In 1918, archaeologists discovered some of the first specimens of Homo erectus, known as Peking Man, in the fossil-rich Zhoukoudian cave system near Beijing. Until recently, it was believed that the extinct hominid species, characterized by its upright stance and robust build, inhabited the area between 250,000 and 500,000 years ago, after the end of a glacial period that had significantly cooled northern China’s climate. But in 2009, new research revealed that Peking Man was much older, raising questions about how these primitive cave dwellers weathered the cold some 700,000 years ago.

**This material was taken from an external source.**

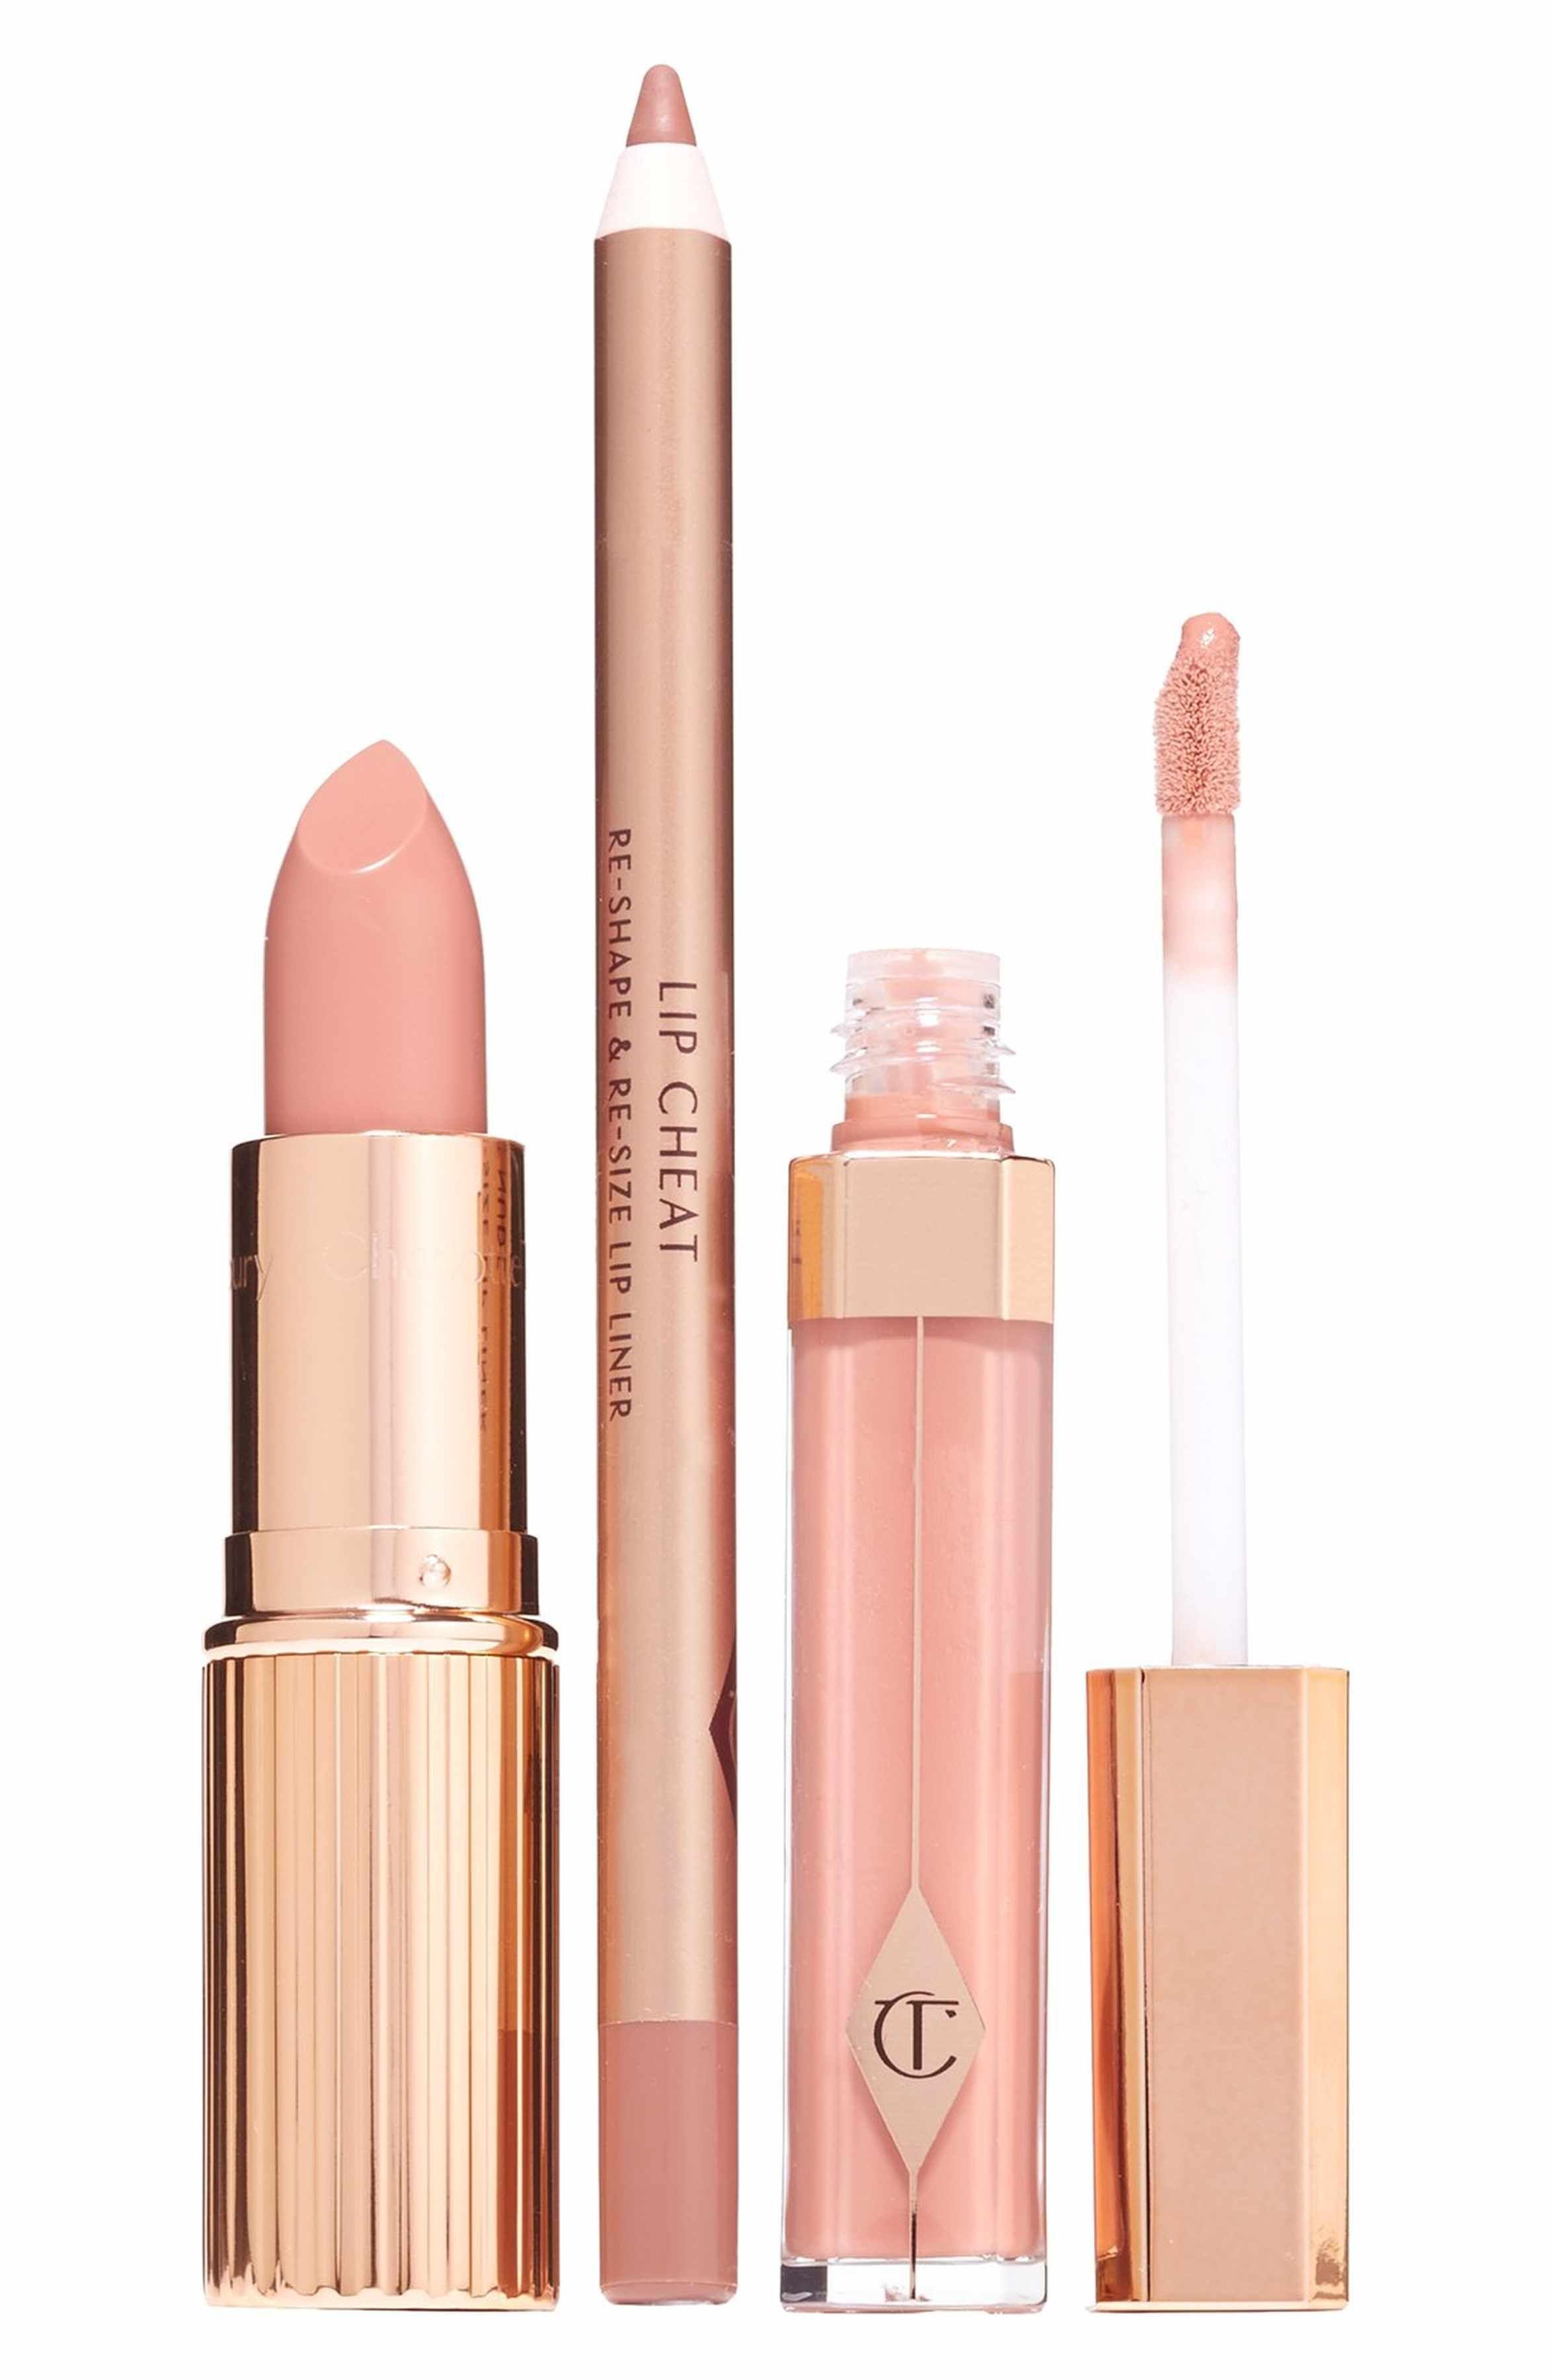 KI.S.S.I.N.G. Lipstick | Nordstrom | Charlotte tilbury hot

Now, a team of scientists led by Chen Shen of the Royal Ontario Museum has reexamined artifacts found on the site and concluded that this particular Homo erectus group probably learned to survive by crafting sophisticated tools. “The new study suggests that Peking Man lithic [stone] technology was not simple as previously thought,” Shen and his colleagues wrote in an abstract to their recent paper, presented at a Society for American Archaeology conference in early April. “The micro-wear evidence indicates many typed tools were made for specific tasks related to processing animal substances.”
More specifically, Peking Man may have fashioned stone-tipped spears and used them to kill and butcher animals. The ability to construct “composition” tools—objects made of several different materials, such as wood and sharpened rock—indicates a level of dexterity and intelligence approaching that of modern humans. It is also the earliest evidence of such activity by early hominids in China, according to the abstract. Further research may shed light on whether these primitive tools were held together by sinew, sap or other substances.
Homo sapiens also adapted to cold climates by assembling weapons for hunting animals, which provided hides and fur to make clothing as well as a valuable food source in the absence of sufficient vegetation.